» EXTRACTED INFORMATION:

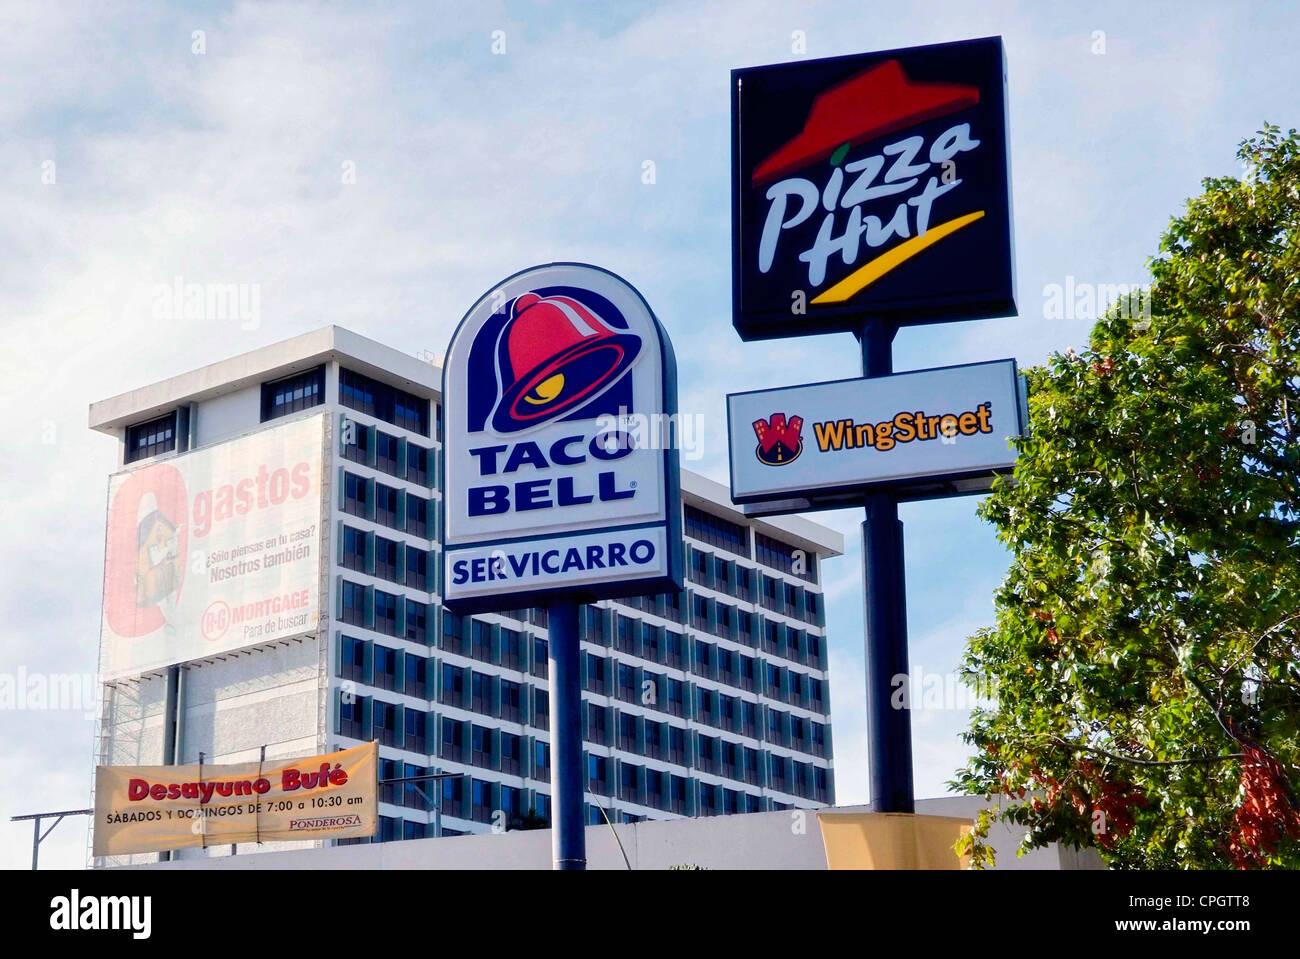 PUERTO RICO - SAN JUAN - Santurce US fast food signs - Stock Image
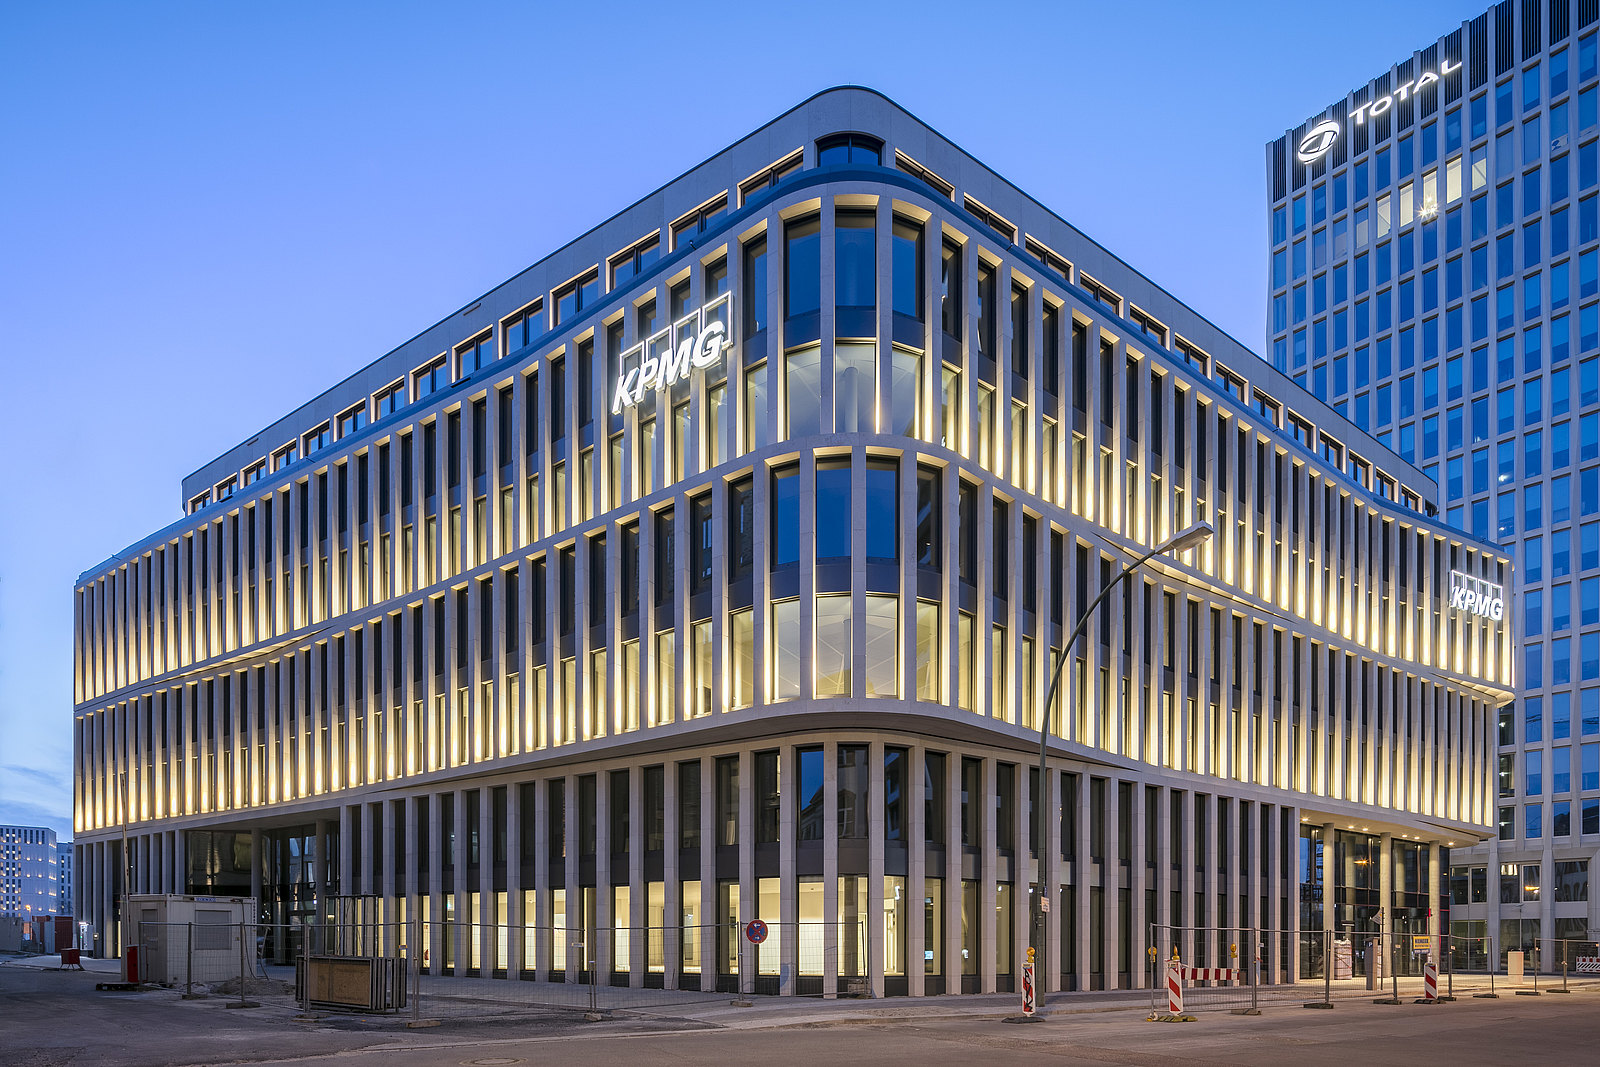 Kpmg Building
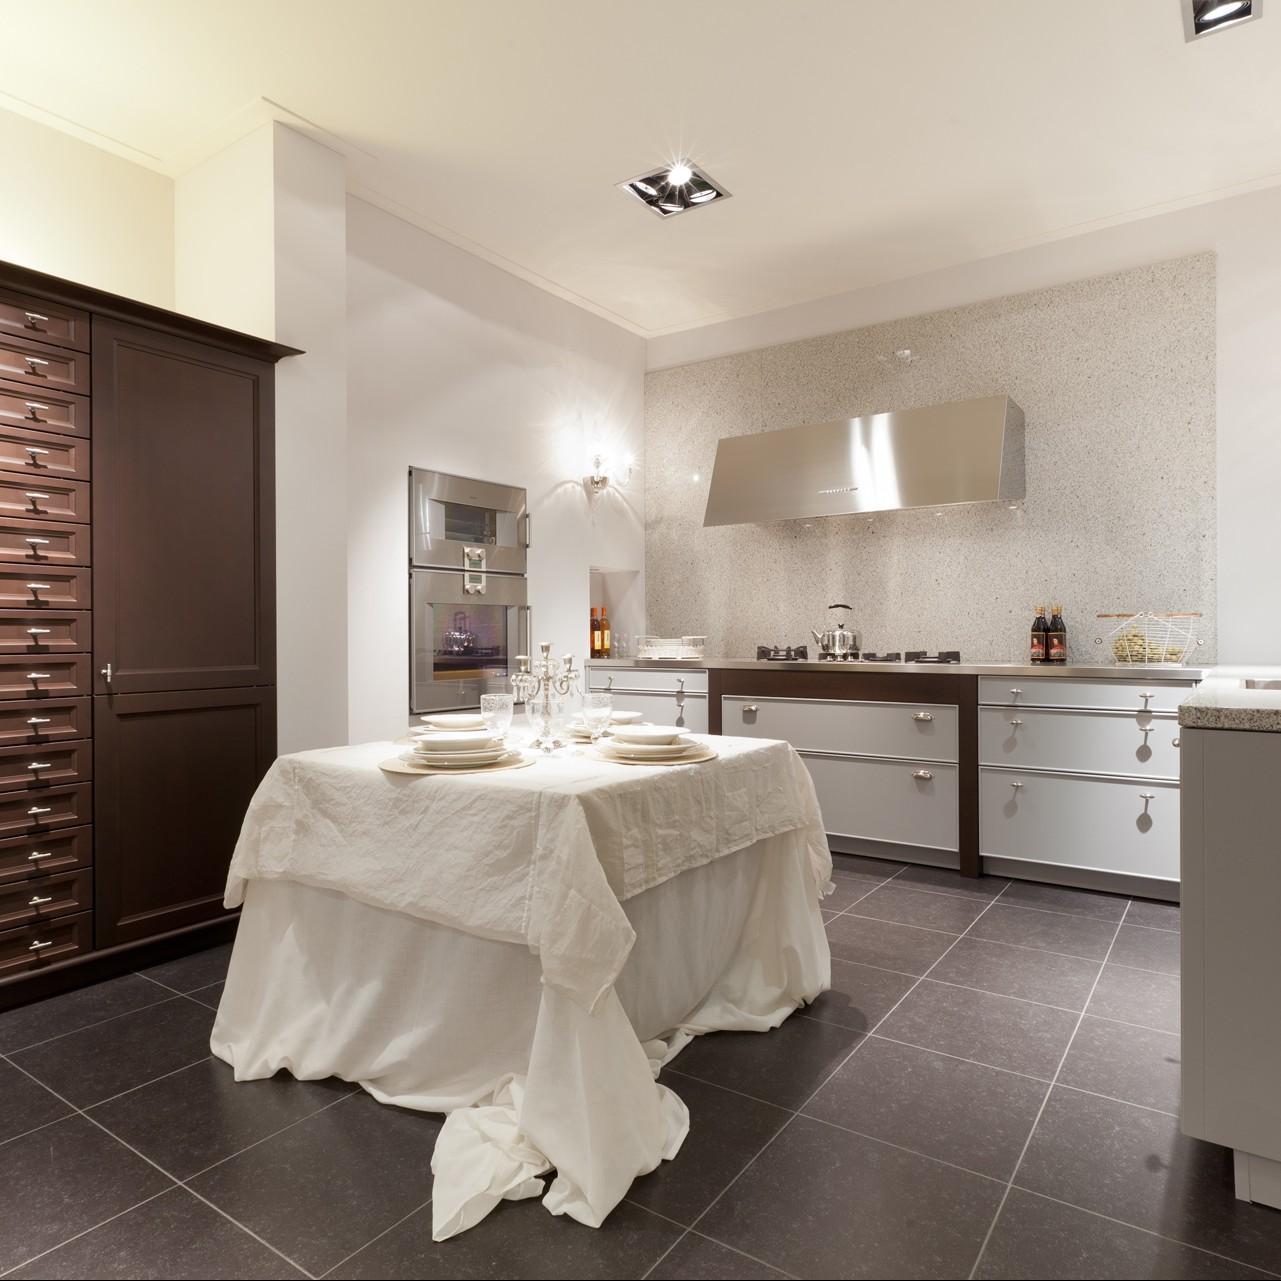 showroomkeuken siematic beauxarts aswa keukens. Black Bedroom Furniture Sets. Home Design Ideas
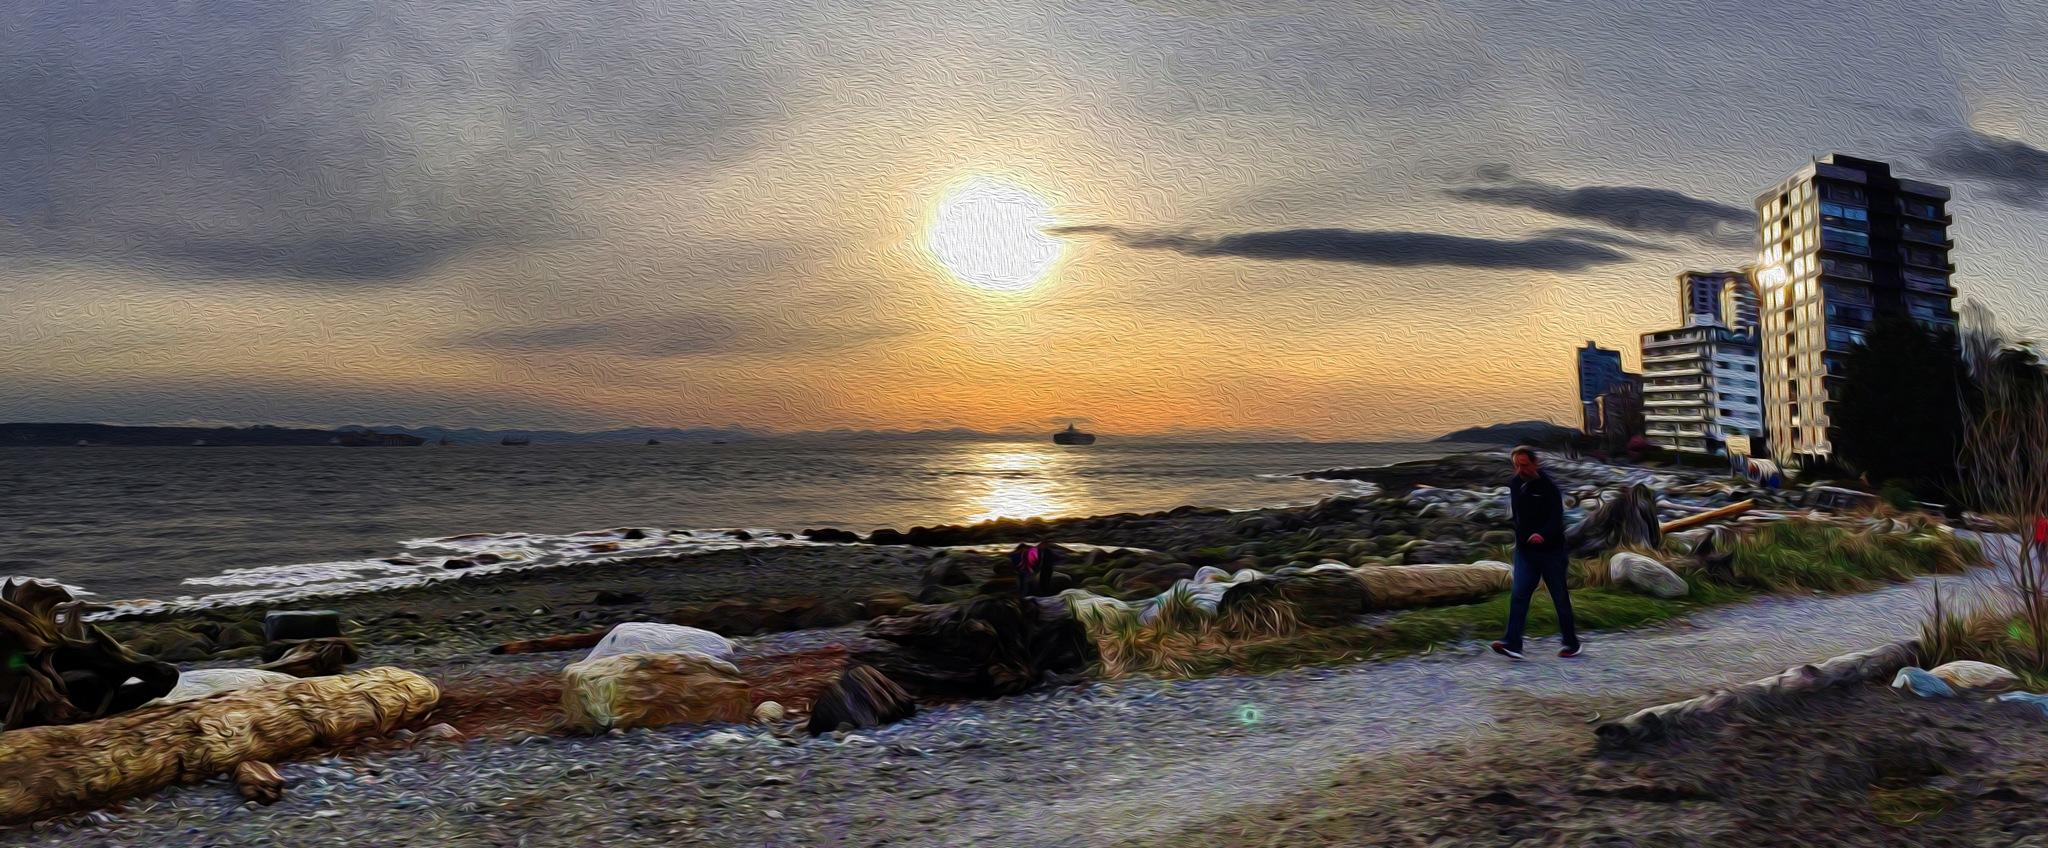 Waterfront Sunset by Donald Bruce Edward Wilson
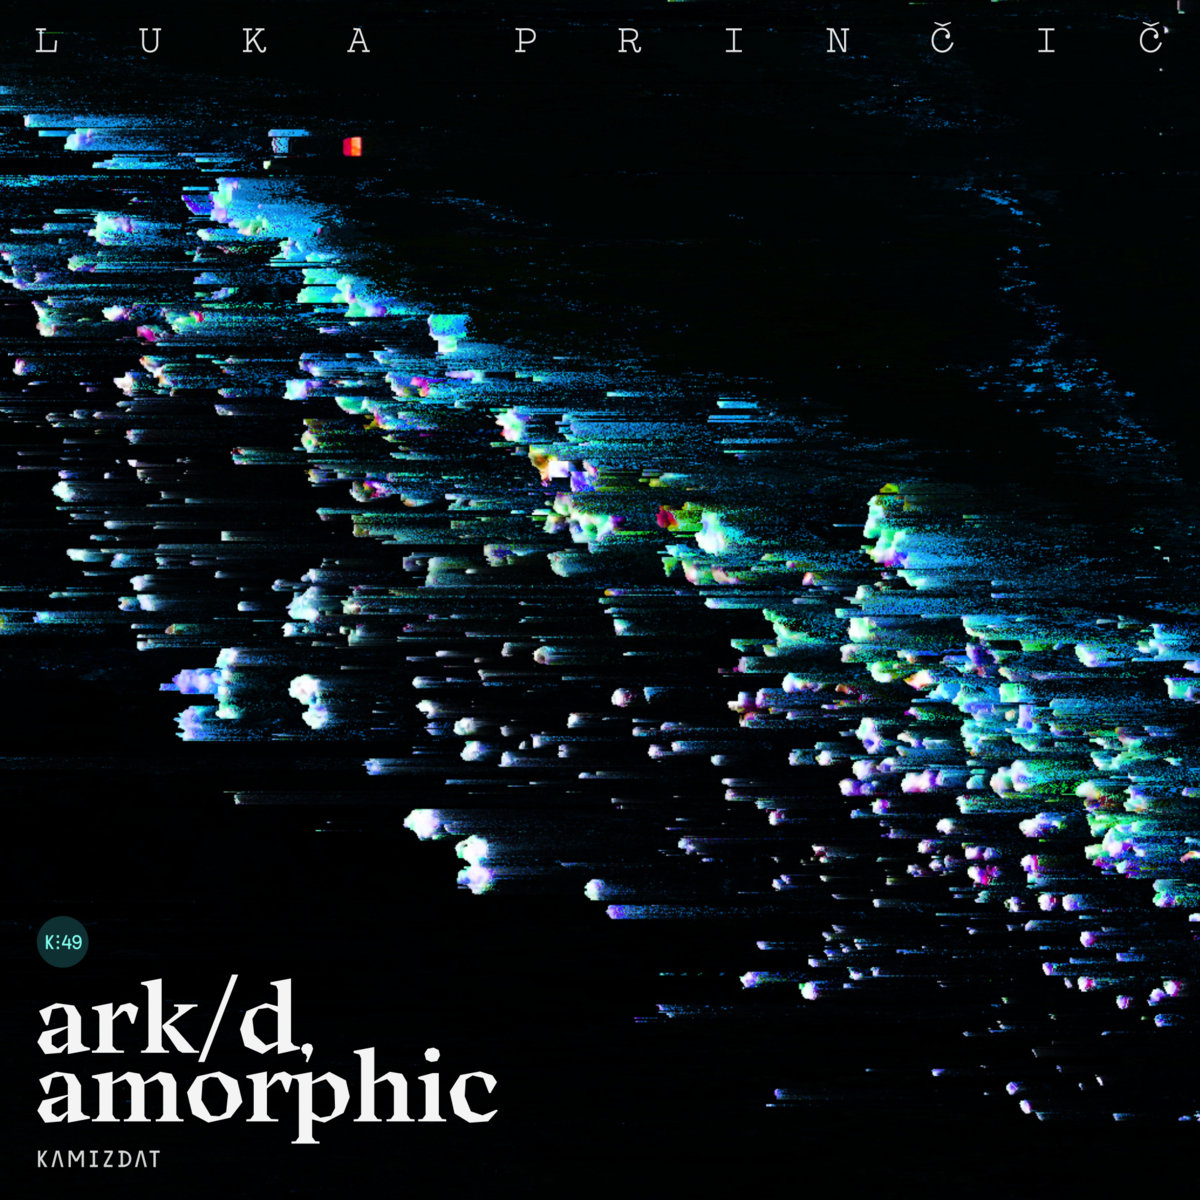 Luka Prinčič – ark/d, amorphic
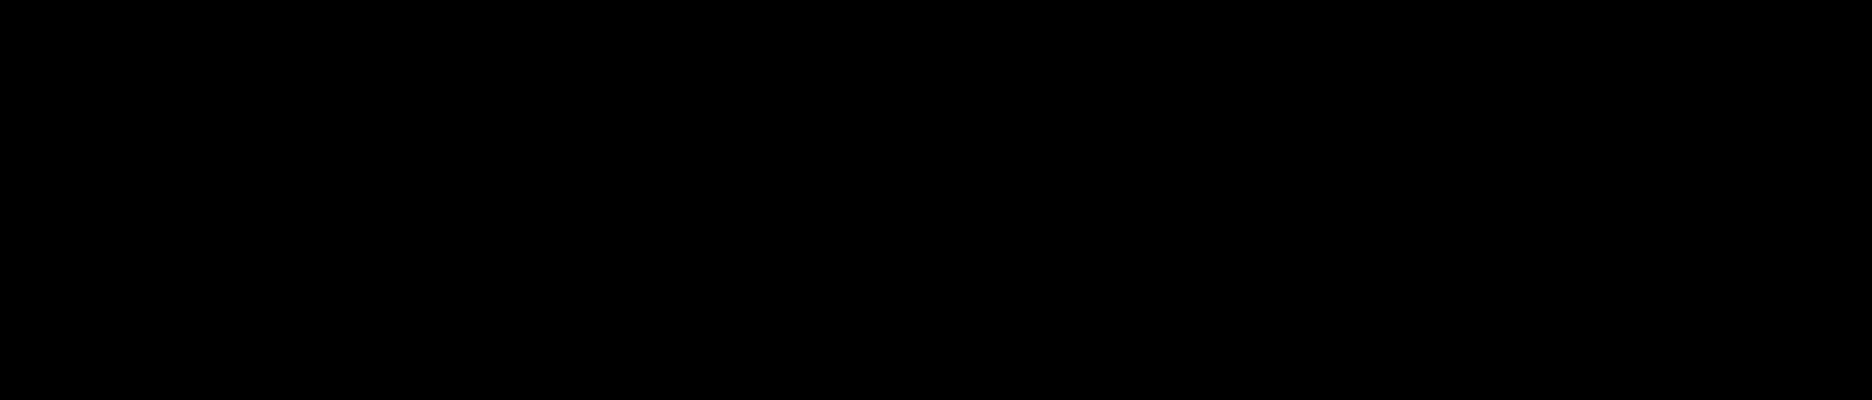 TENUNO
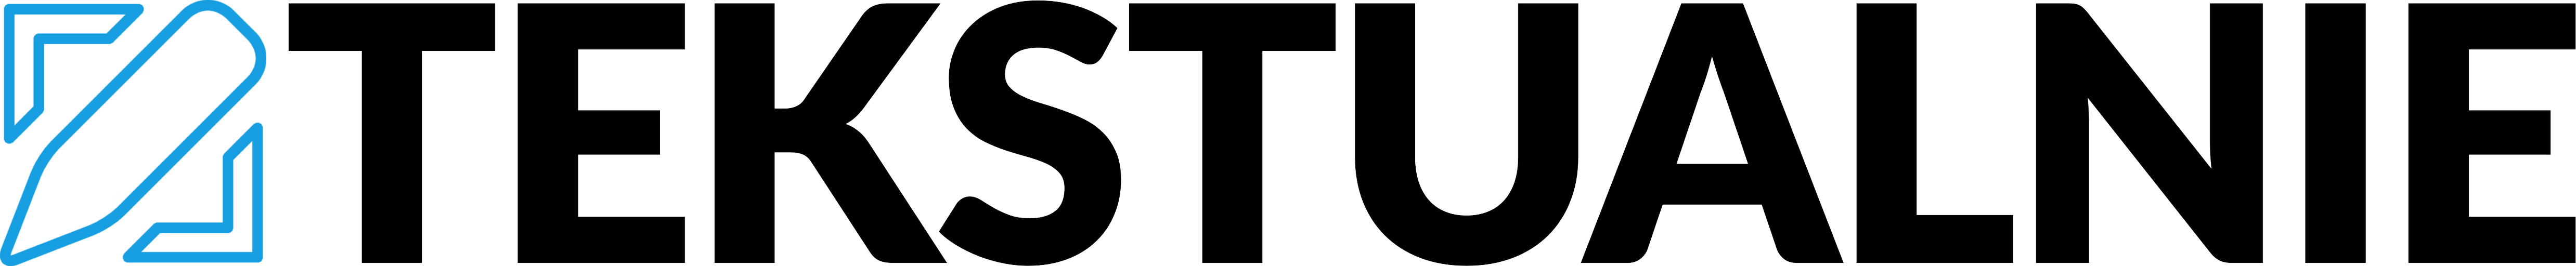 Logotyp-1

» ABOUT THIS TASK: Your job is to copy each entry exactly as written; the pictures do not go in.

» TASK SOLUTION:
 PUERTO RICO - SAN JUAN - Santurce US fast food signs - Stock Image
 Kpmg Building
 showroomkeuken siematic beauxarts aswa keukens. Black Bedroom Furniture Sets. Home Design Ideas
 Waterfront Sunset by Donald Bruce Edward Wilson
 Luka Prinčič – ark/d, amorphic
 TENUNO
 Logotyp-1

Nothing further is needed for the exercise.